Practical FP4 Training for Large-Scale MoE Models on Hopper GPUs

Imagine you are trying to build a massive, super-smart library (a Large Language Model) that can answer any question. To make this library efficient, you don't have one giant librarian who knows everything; instead, you hire thousands of specialized experts (like a historian, a coder, a poet, and a chef). This is called a Mixture-of-Experts (MoE) model.

However, there's a problem: To get the right answer, you have to send a question to all these experts, wait for their notes, and then combine them. This creates a huge traffic jam in the library's hallways (communication) and requires a massive amount of desk space to hold all those notes (memory).
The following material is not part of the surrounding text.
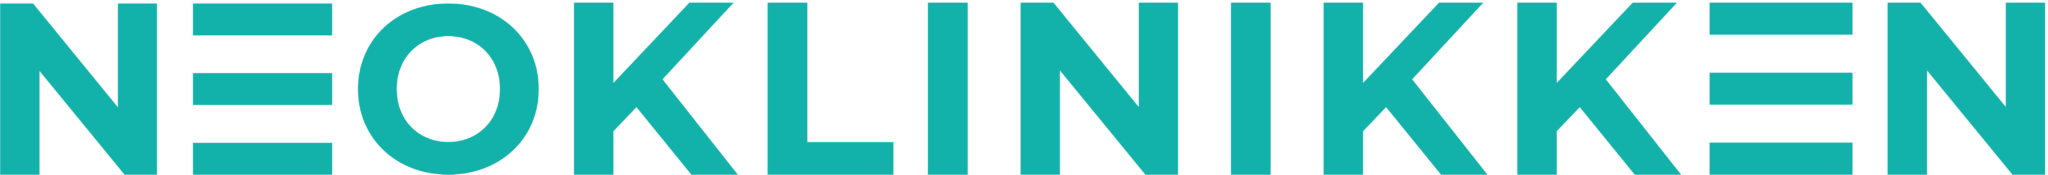 Neoklinikken logo slankeoperasjon uten arr

The Problem: The "Hopper" Library is Old (But Powerful)

Your library is built on Hopper GPUs, which are incredibly fast computers. But they have a specific rule: they are great at handling "FP8" (a standard size for notes) and "BF16" (a very large, safe size), but they don't have a special machine to handle "FP4" (tiny, compressed notes).

Newer computers (like Blackwell) have a special machine for FP4, but most people are still using Hopper. Without that special machine, trying to use FP4 notes usually means:

Writing the note in FP4.
Expanding it back to a huge BF16 note just to read it.
Shrinking it back to FP8 to do the math.
Expanding it again.

This "round-trip" is like packing a suitcase, unpacking it to put on a scale, repacking it, and then unpacking it again just to walk through a door. It's slow and wastes energy.

The Solution: A Smart "Compression" Trick

The authors of this paper figured out how to use FP4 notes on Hopper computers without that slow round-trip. They created a new "training recipe" that acts like a masterful logistics manager.

Here is how they did it, using simple analogies:

1. The "Backpack" Strategy (Memory Savings)

Imagine the experts are writing their notes on giant whiteboards (Memory).

Old Way: They write in big, clear letters (FP8). The whiteboards get full quickly, so you can't fit many experts at once.
New Way: The authors invented a way to write the notes in tiny, compressed shorthand (FP4) only when the notes are being passed between experts or stored for later.
The Magic: They don't expand the notes to read them. Instead, they built a special "translator" (a software kernel) that can read the tiny shorthand directly and convert it into a format the computer's math engine understands, skipping the messy middle steps.
Result: You can fit 50% more notes on the same whiteboard. This means the library can handle bigger questions or more experts without running out of space.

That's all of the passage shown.